Author: Team BioSakshat
Last update: June 2017
Copyright © 2017 BioSakshat, Inc. All rights reserved.
The purpose of this section is to introduce you about the steps to install any R package from Bioconductor repository. We will demonstrate the installation and usage of Maftools package.
Bioconductor provides tools for the analysis and comprehension of high-throughput genomic data. Bioconductor uses the R statistical programming language, and is open source and open development. It has two releases each year, 1383 software packages, and an active user community.

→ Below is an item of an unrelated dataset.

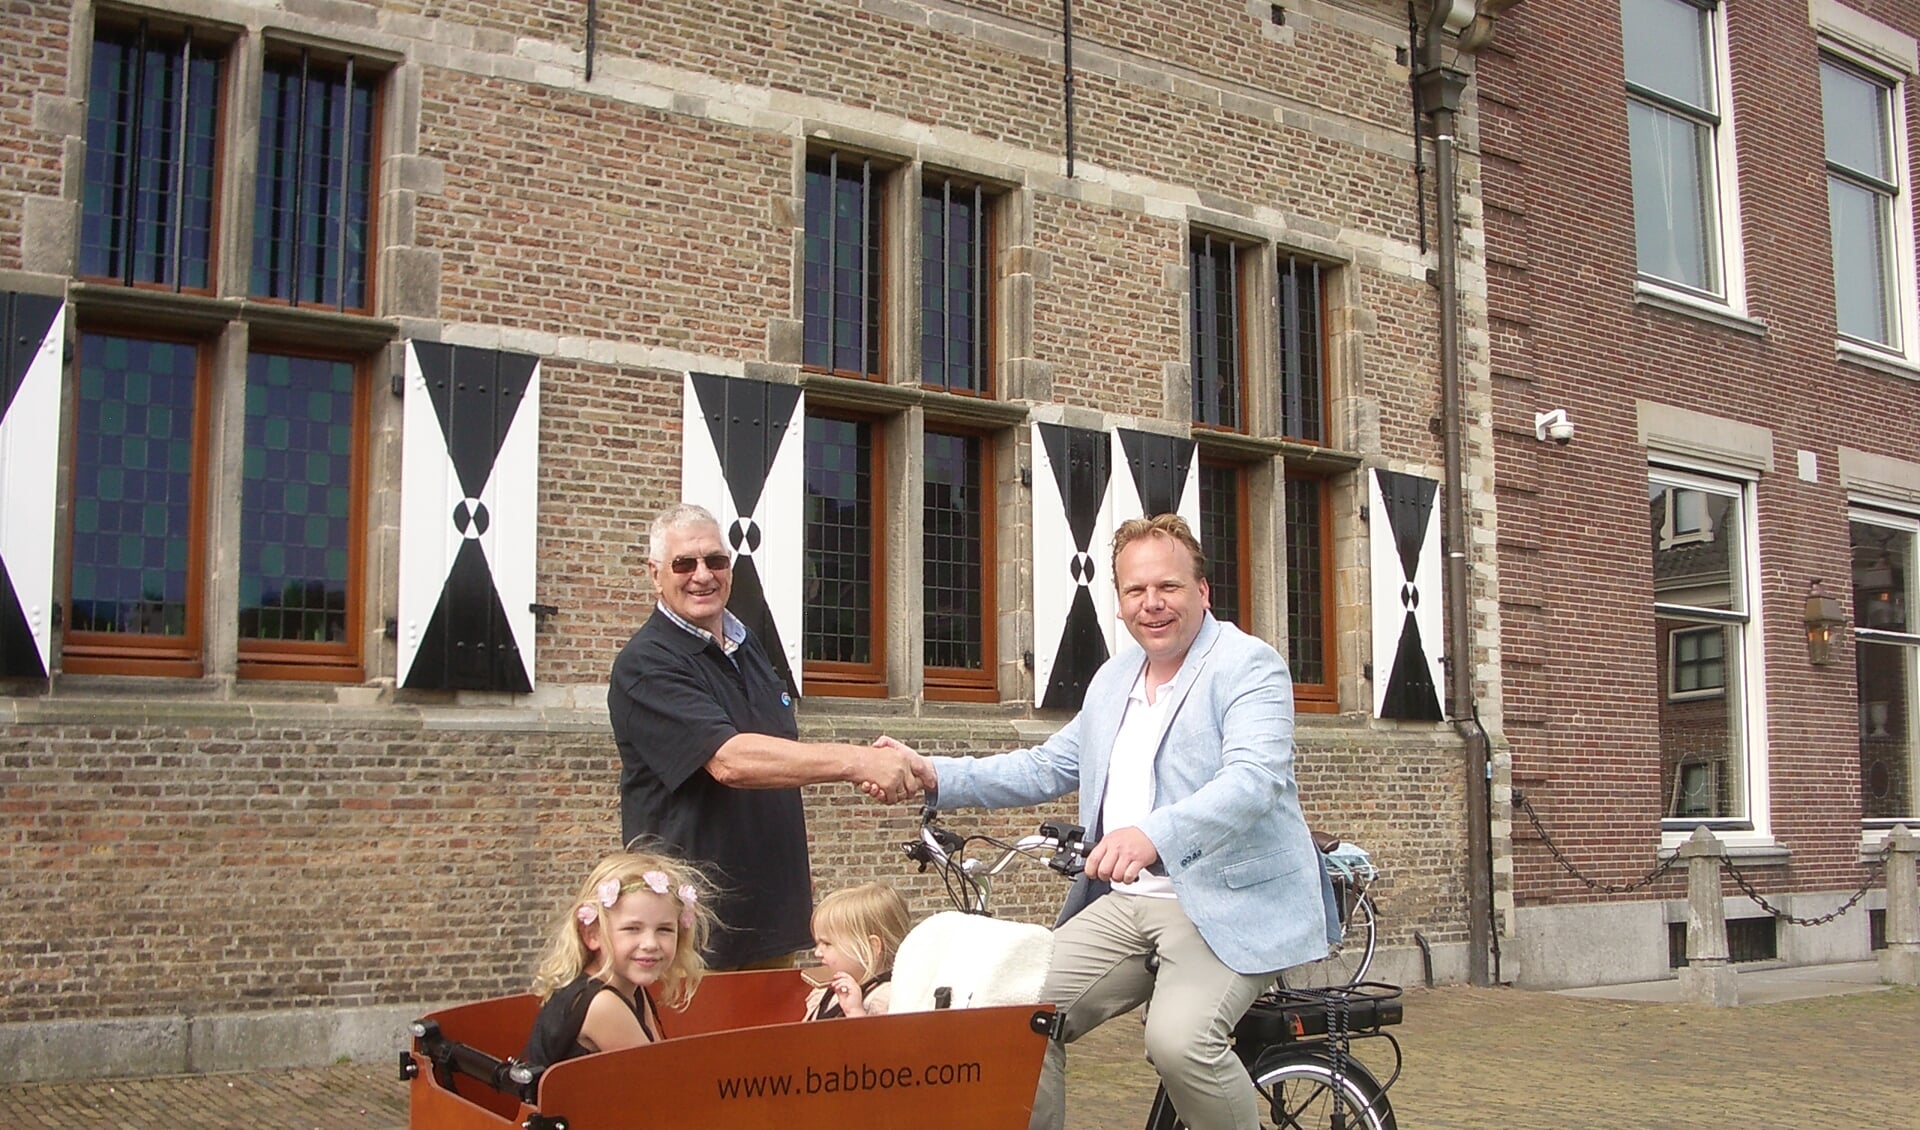 Wethouder Thomas Zwiers aan de start in Willemstad met de bakfiets en met daarin twee van zijn dochters. FOTO TIES STEEHOUWER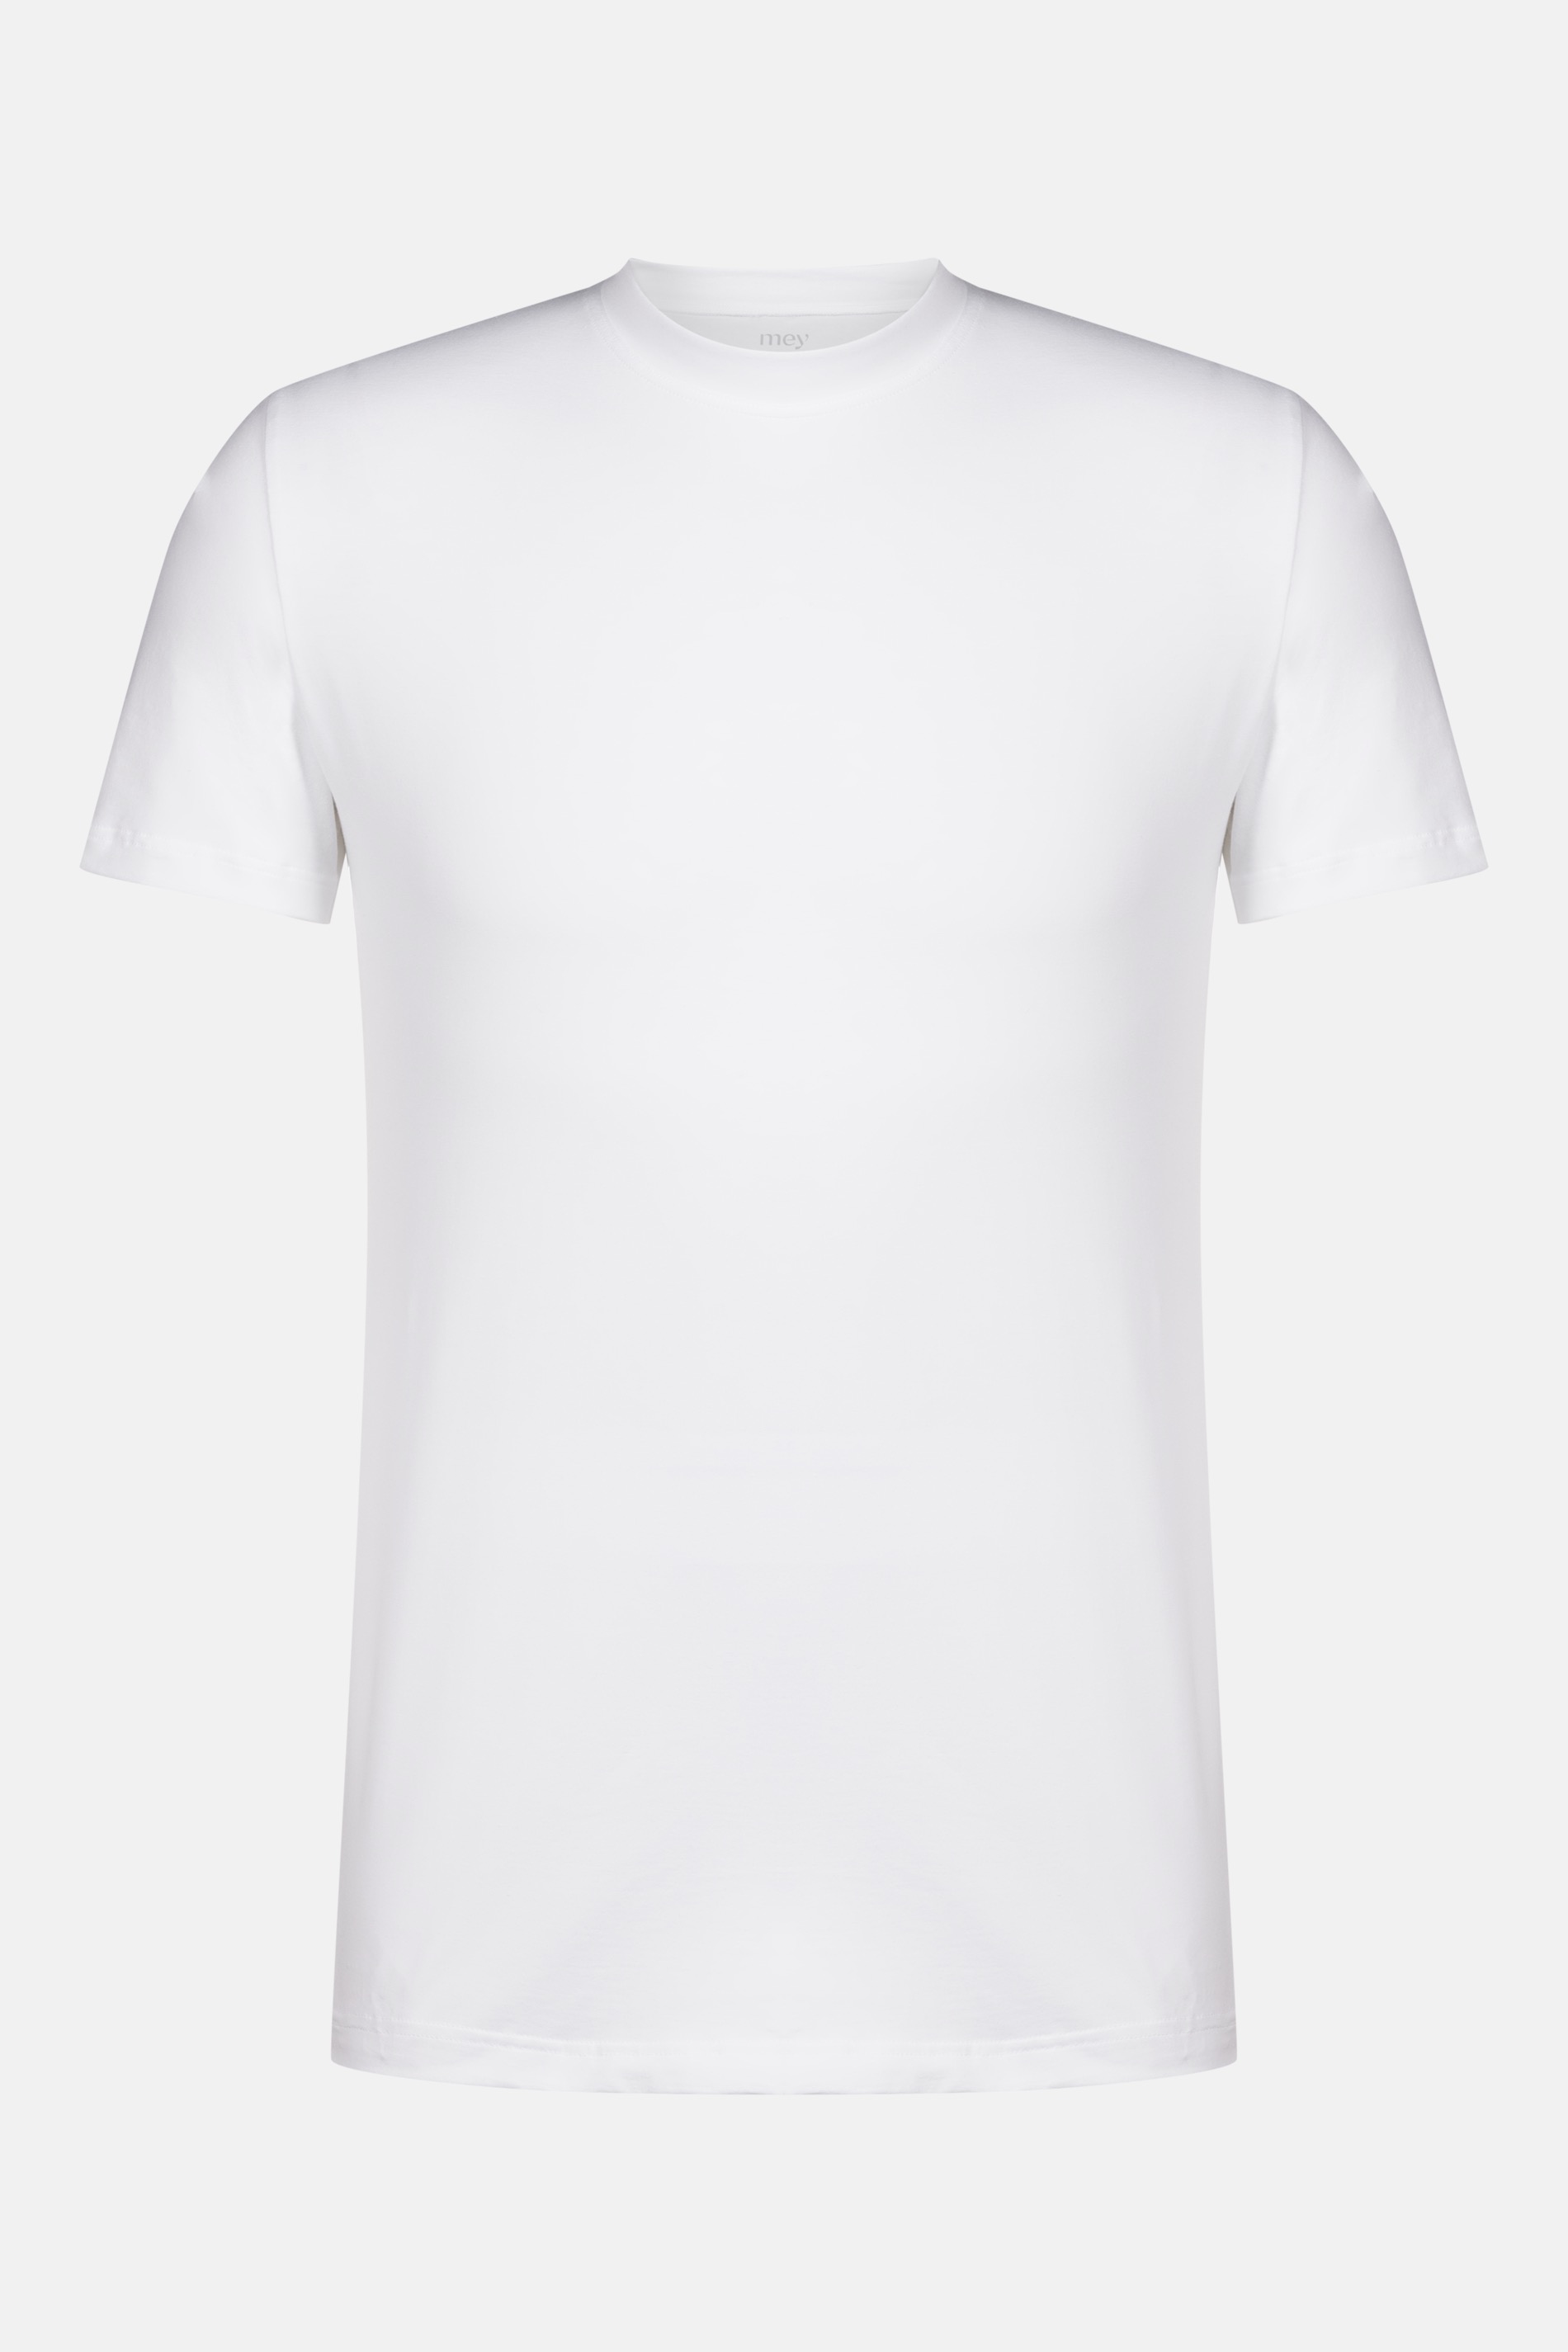 Shirt Weiss Serie Dry Cotton Freisteller | mey®

Website: https://www.bioconductor.org/
How to install Bioconductor
Open R and type following commands. You must be connected to internet.
source(“https://bioconductor.org/biocLite.R”)
biocLite()
How to install bioconductor packages biocLite(c(“GenomicFeatures”, “AnnotationDbi”))
Further details https://www.bioconductor.org/install/
BiocViews allows you to browse through packages avaiable in Bioconductor. Packages are organized under different categories which will allow you to search easily.
https://www.bioconductor.org/packages/release/BiocViews.html#___Software
For demo purpose we will explore maftools [1].
Suppose you are doing a large scale sequencing project where you have done whole genome sequencing for ~100 patients and you have carried out variant detection pipeline to obtain variants (SNPs, Indels) in each sample. The variant information from each patient is aggregated in MAF file (Mutation Annotation Format. Now you want to analyze this MAF file. You searched in bioconductor for any pacakge that can help you to analyze MAF file and you came across maftools.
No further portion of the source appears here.